错误原因:由于主节点创建了表t1,但没有指定主键(此时表结构可以复制到各节点,一旦插入数据DML操作即会报错)
解决方案:为表增加主键,然后做DML操作(MGR需要各表都有主键)
alter table t1 add primary key(id);
insert into t1 values(1),(2);
9、错误案例09
错误信息:
mysqldump -R -E --triggers --single-transaction --master-data=2 -B db01 >db01.sql
Warning: A partial dump from a server that has GTIDs will by default include the GTIDs of all transactions, even those that changed suppressed parts of the database. If you don't want to restore GTIDs, pass --set-gtid-purged=OFF. To make a complete dump, pass --all-databases --triggers --routines --events.
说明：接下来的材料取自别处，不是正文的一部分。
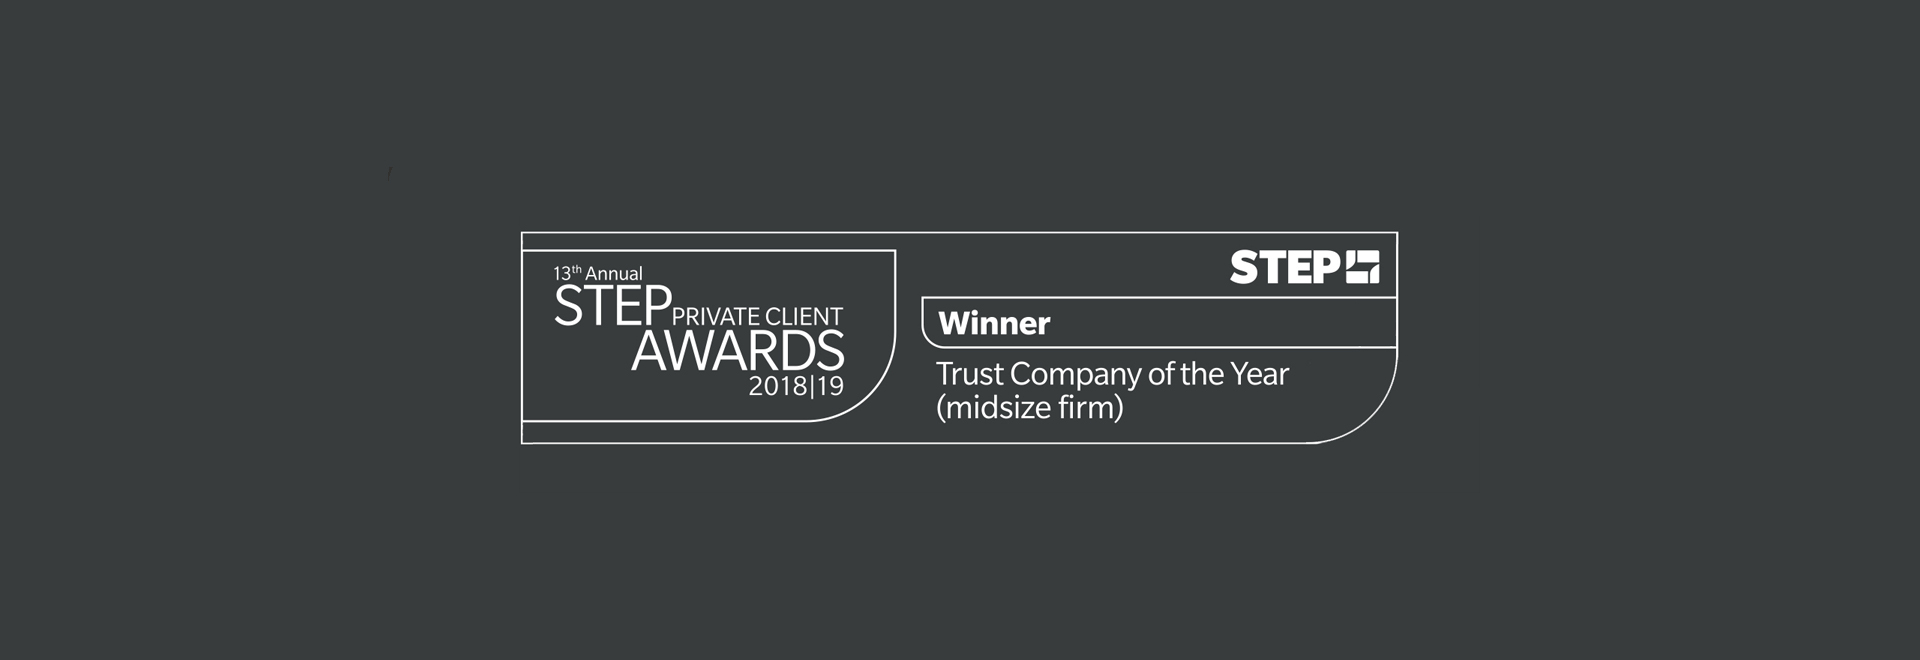 Accuro Wins prestigious Step private client award for the second year running

mysqldump: Couldn't execute 'SAVEPOINT sp': The MySQL server is running with the --transaction-write-set-extraction!=OFF option so it cannot execute this statement (1290)
错误原因:mgr不支持mysqldump的事务一致性备份,因为其不支持savepoint
解决方案:通过xtrabackup或者不加--single-transaction备份
10、错误案例10
错误信息:
create table t2 as select * from t1;
ERROR 1786 (HY000): Statement violates GTID consistency: CREATE TABLE ... SELECT.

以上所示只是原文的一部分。